A minute earlier she would have heard her master expressing himself in the most flattering terms on the subject of Miss Bygrave's appearance in her sea-side costume. But Magdalen had seen Captain Wragge's signal with the camp-stool, and had at once diverted Noel Vanstone to the topic of himself and his possessions by a neatly-timed question about his house at Aldborough.

"I don't wish to alarm you, Miss Bygrave," were the first words of Noel Vanstone's which caught Mrs. Lecount's attention, "but there is only one safe house in Aldborough, and that house is mine. The sea may destroy all the other houses -- it can't destroy Mine. My father took care of that; my father was a remarkable man. He had My house built on piles. I have reason to believe they are the strongest piles in England. Nothing can possibly knock them down -- I don't care what the sea does -- nothing can possibly knock them down."

"Then, if the sea invades us," said Magdalen, "we must all run for refuge to you."

Noel Vanstone saw his way to another compliment; and, at the same moment, the wary captain saw his way to another burst of science.

"I could almost wish the invasion might happen," murmured one of the gentlemen, "to give me the happiness of offering the refuge."

"I could almost swear the wind had shifted again!" exclaimed the other. "Where is a man I can ask? Oh, there he is. Boatman! How's the wind now? Nor'west and by west still -- hey? And southeast and by south yesterday evening -- ha? Is there anything more remarkable, Mrs. Lecount, than the variableness of the wind in this climate?" proceeded the captain, shifting the camp-stool to the scientific side of him. "Is there any natural phenomenon more bewildering to the scientific inquirer? You will tell me that the electric fluid which abounds in the air is the principal cause of this variableness. You will remind me of the experiment of that illustrious philosopher who measured the velocity of a great storm by a flight of small feathers. My dear madam, I grant all your propositions -- "

"I beg your pardon, sir," said Mrs. Lecount; "you kindly attribute to me a knowledge that I don't possess. Propositions, I regret to say, are quite beyond me."

"Don't misunderstand me, ma'am," continued the captain, politely unconscious of the interruption. "My remarks apply to the temperate zone only. Place me on the coasts beyond the tropics -- place me where the wind blows toward the shore in the day-time, and toward the sea by night -- and I instantly advance toward conclusive experiments. For example, I know that the heat of the sun during the day rarefies the air over the land, and so causes the wind. You challenge me to prove it.
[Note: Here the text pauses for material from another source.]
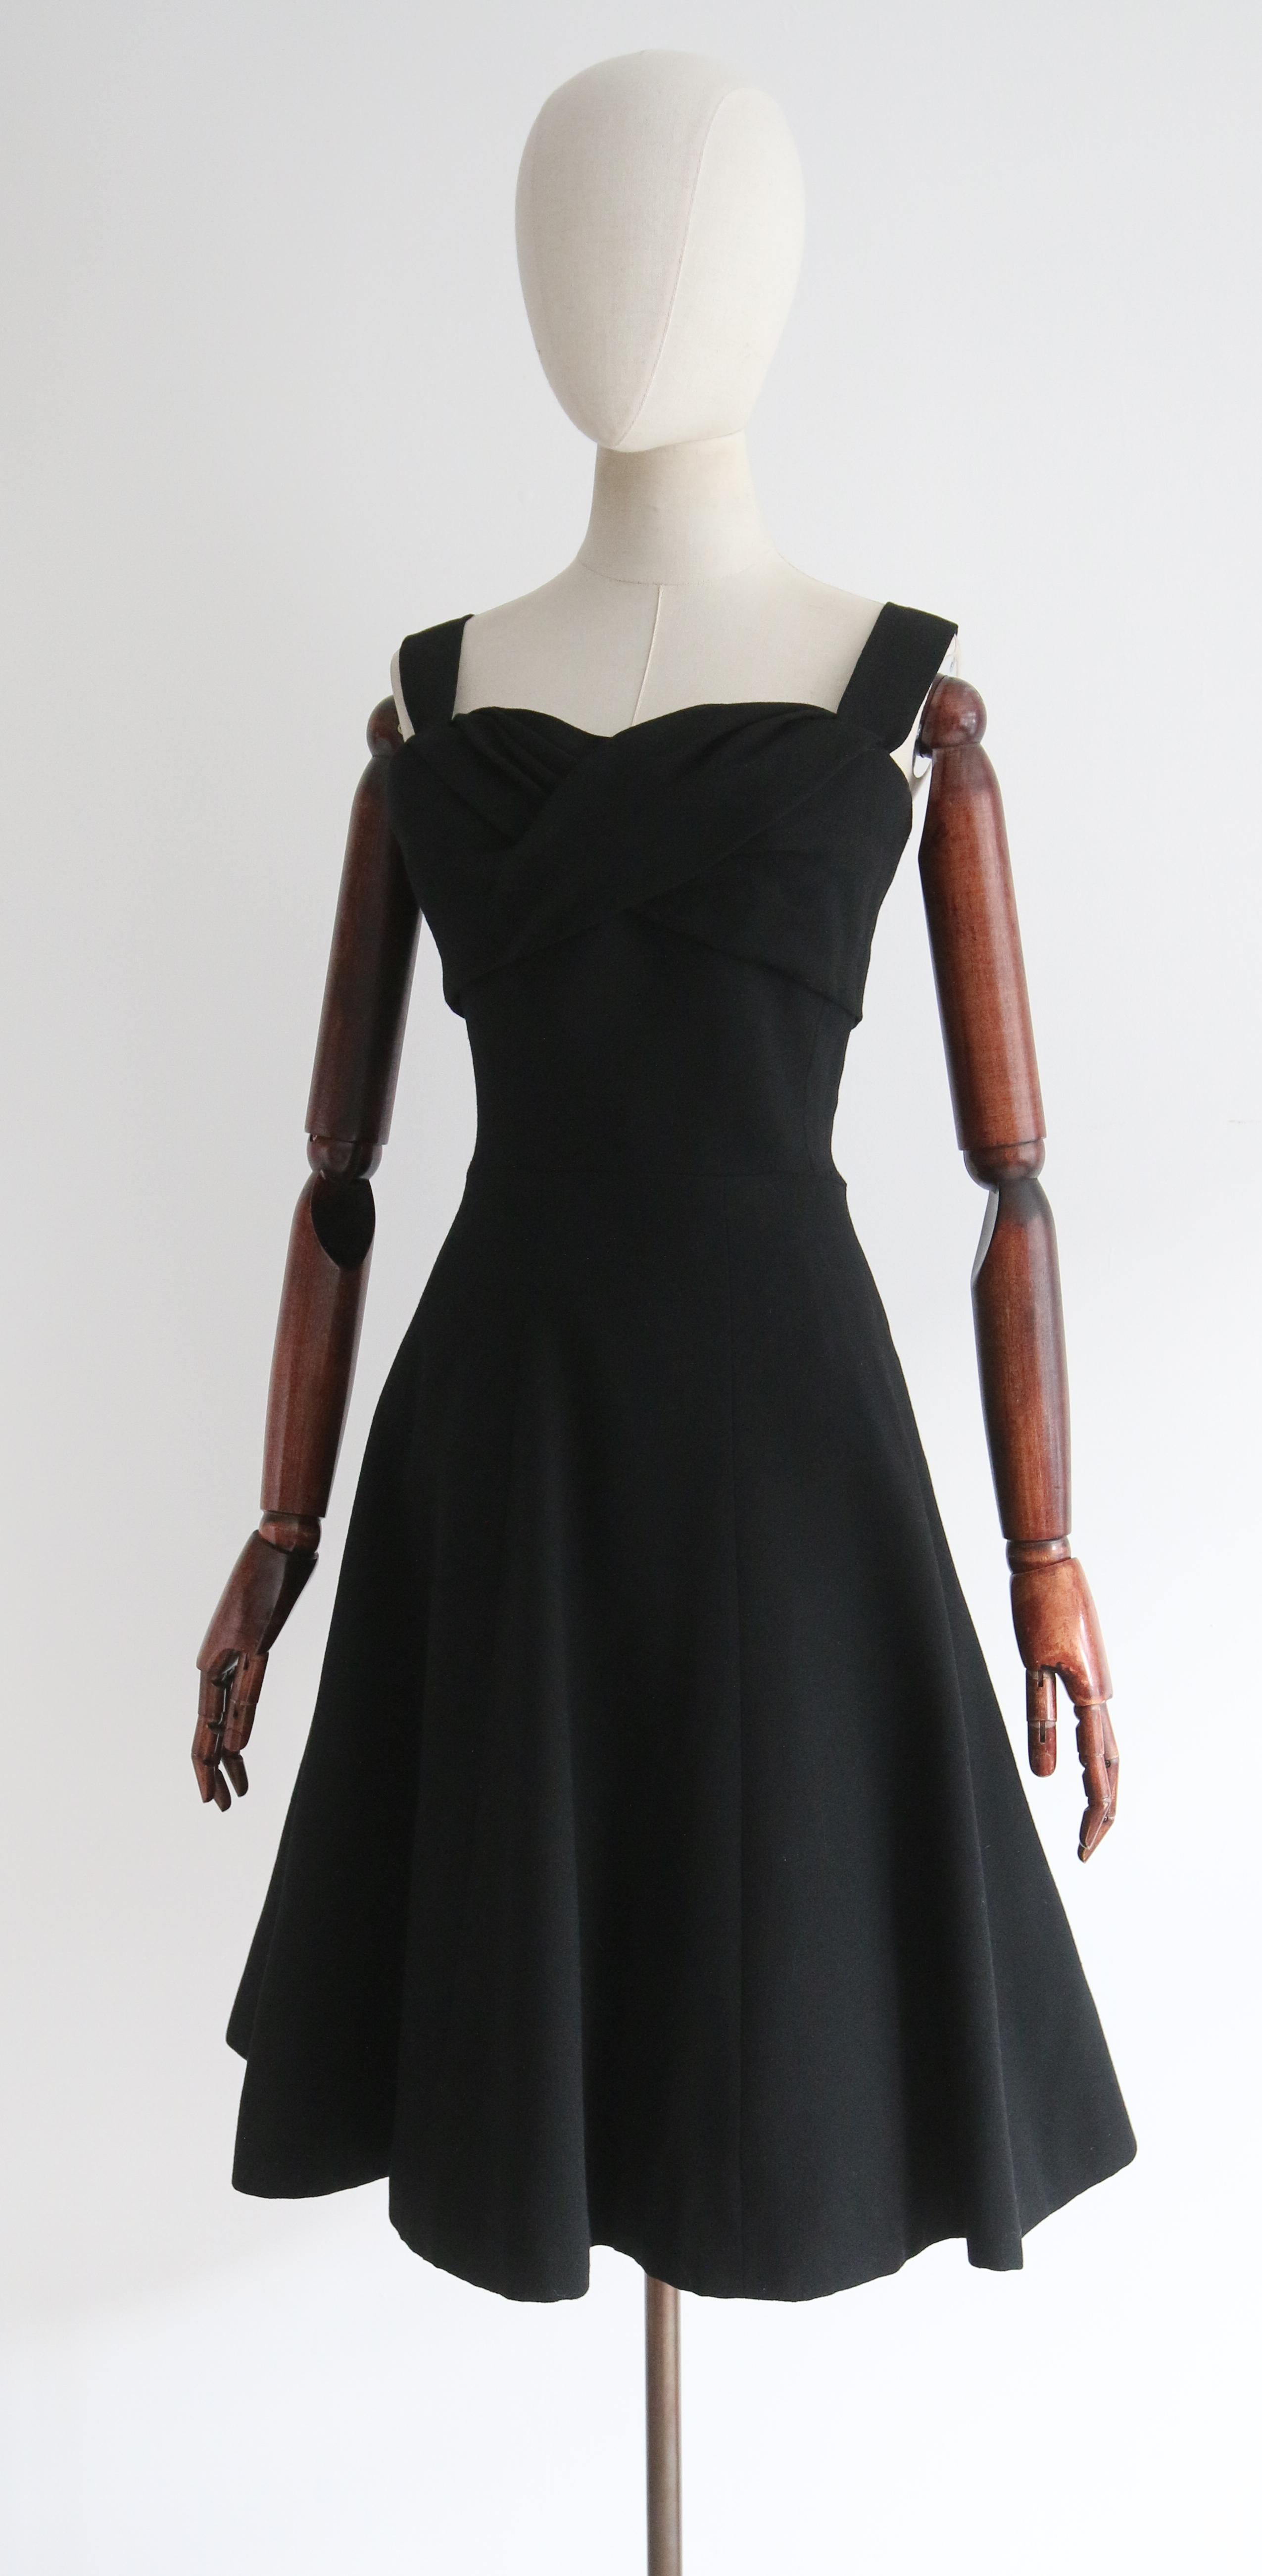  Vintage Late 1950's Black Christian Dior Dress UK 8 US 4 For Sale 3

I escort you down the kitchen stairs (with your kind permission); take my largest pie-dish out of the cook's hands; I fill it with cold water. Good! that dish of cold water represents the ocean. I next provide myself with one of our most precious domestic conveniences, a hot-water plate; I fill it with hot water and I put it in the middle of the pie-dish. Good again! the hot-water plate represents the land rarefying the air over it. Bear that in mind, and give me a lighted candle. I hold my lighted candle over the cold water, and blow it out. The smoke immediately moves from the dish to the plate. Before you have time to express your satisfaction, I light the candle once more, and reverse the whole proceeding. I fill the pie-dish with hot-water, and the plate with cold; I blow the candle out again, and the smoke moves this time from the plate to the dish. The smell is disagreeable -- but the experiment is conclusive."

He shifted the camp-stool back again, and looked at Mrs. Lecount with his ingratiating smile. "You don't find me long-winded, ma'am -- do you?" he said, in his easy, cheerful way, just as the housekeeper was privately opening her e ars once more to the conversation on the other side of her.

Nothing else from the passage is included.